- Theatrical release poster
- Directed by: Velu Doss
- Produced by: K. Annadurai
- Starring: Vimal; Misha Narang; Sathish;
- Cinematography: Rammy
- Edited by: Lawrence Kishore
- Music by: Ragav Prasad
- Release date: 8 September 2023;
- Running time: 122 mins
- Country: India
- Language: Tamil

= Thudikkum Karangal (2023 film) =

2023 Tamil film

Thudikkum Karangal is a 2023 Indian Tamil-language action crime drama film directed by Velu Doss and starring Vimal and Misha Narang in the lead roles. It was released on 8 September 2023.

== Plot ==

Vetri, a YouTuber who owns a channel called Kothu Poratta, often invites trouble by exposing the evils in society. He meets an old man who is in search of his son, Sameer. Vetri extends his support to the old man through his channel, promising to help him find his lost son.
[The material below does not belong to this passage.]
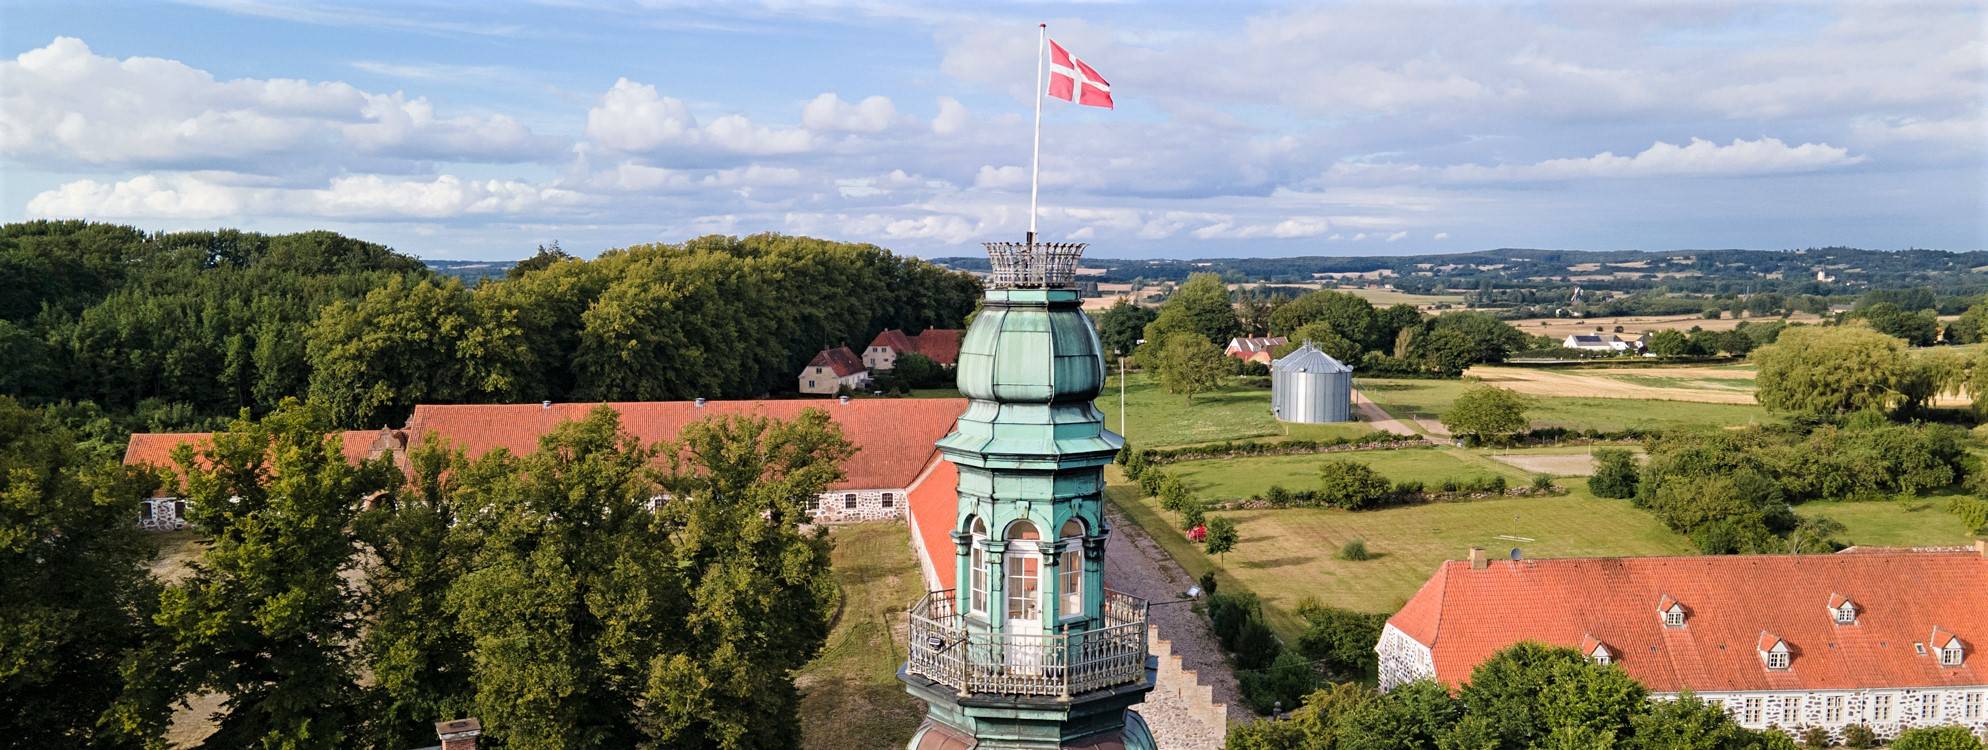 Hvedholm Slot Tårn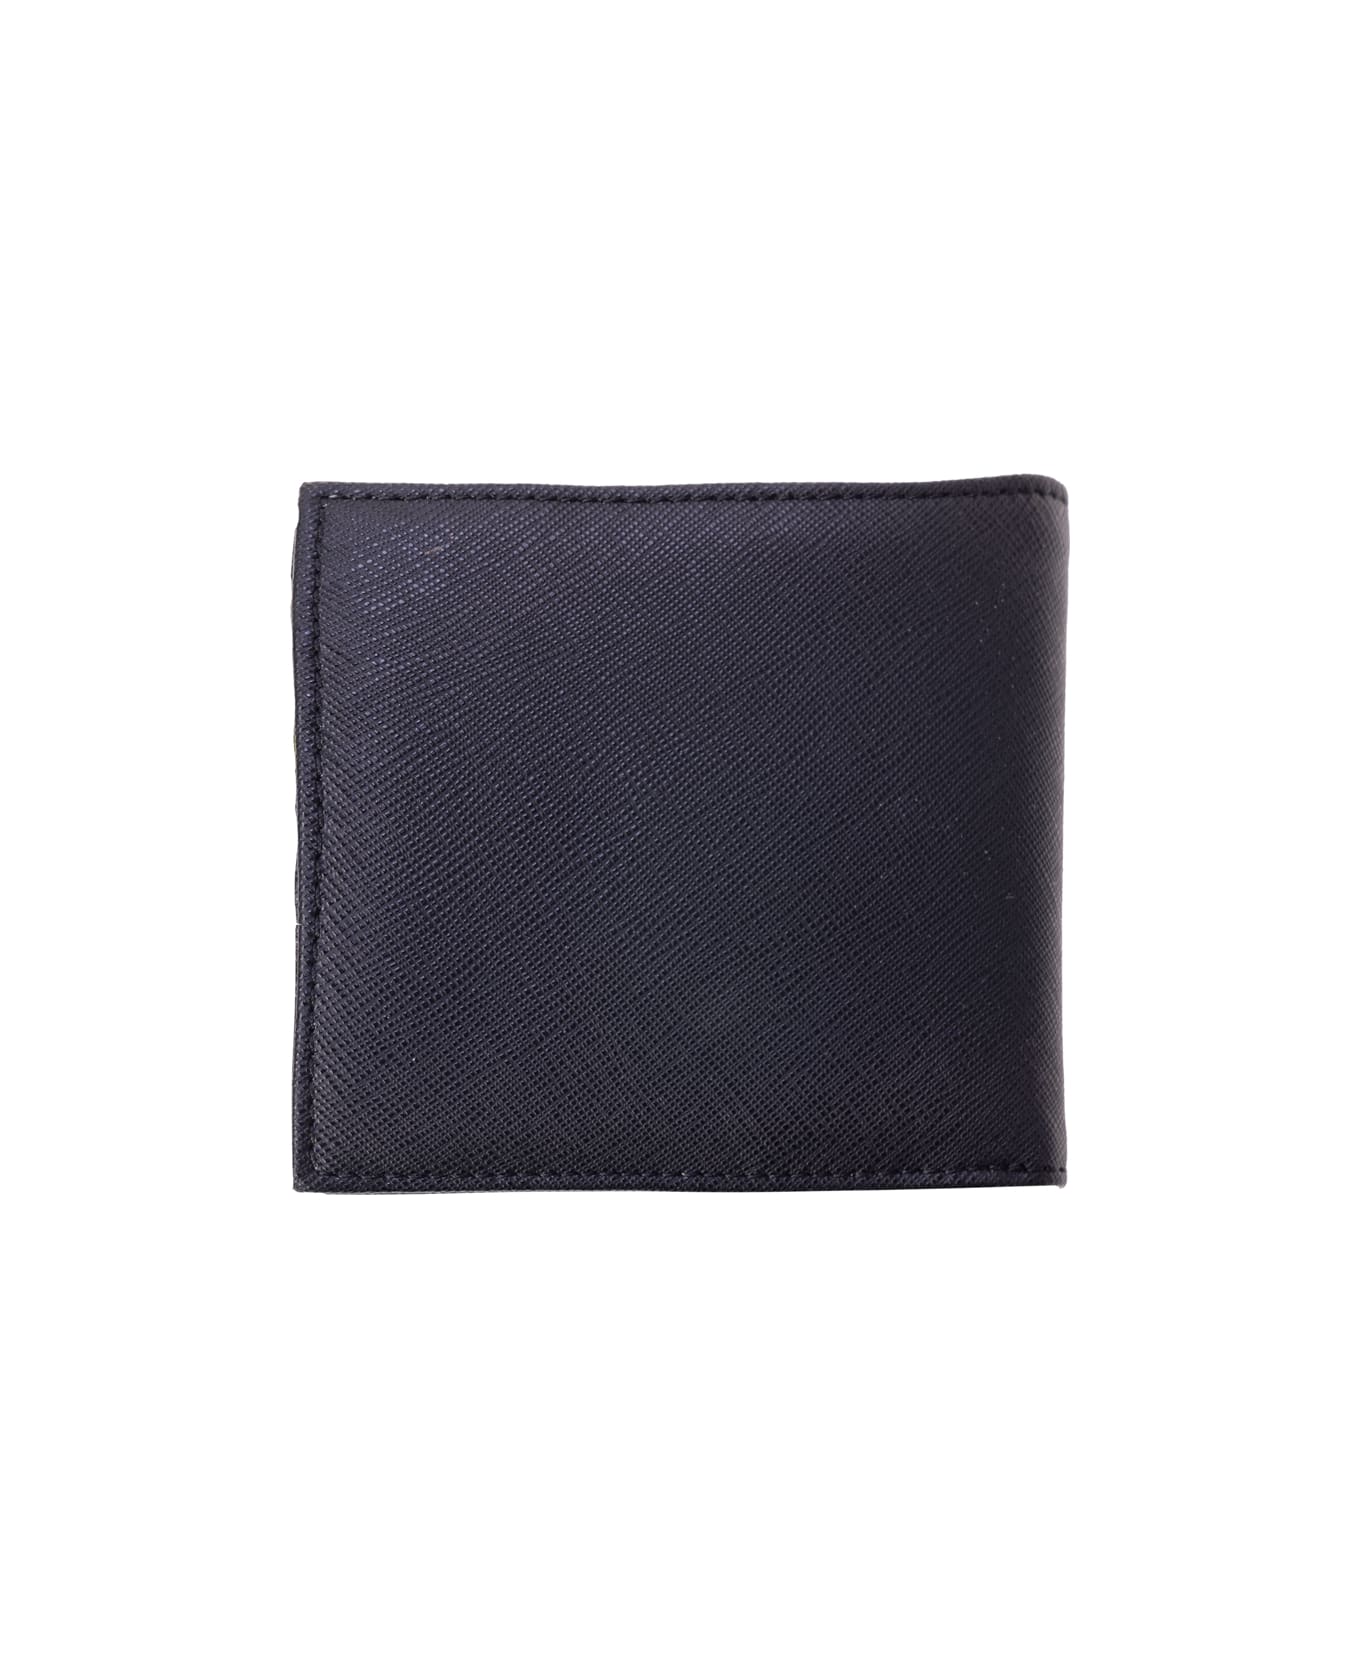 Emporio Armani Wallets Black - Black

Parallelly, we also get to witness the investigation of a murder case that involves the daughter of IG Devendran.

==Production==
The film began production in February 2020 under the title of Vetri Kondaan. Production was halted owing to the coronavirus pandemic, and restarted in August 2021. It was shot completely in Chennai over a period of 49 days.

== Reception ==
The film was released on 8 September 2023 across theatres in Tamil Nadu, a week after its initial release date of September 1. A reviewer from Times of India noted it was "a run-of-the-mill action crime drama" and that the "technical aspects of the film, including cinematography and music, do nothing to elevate certain moments". A critic from Dinamalar concluded the film was "low on thrills" and gave it 2.25 out of 5 stars.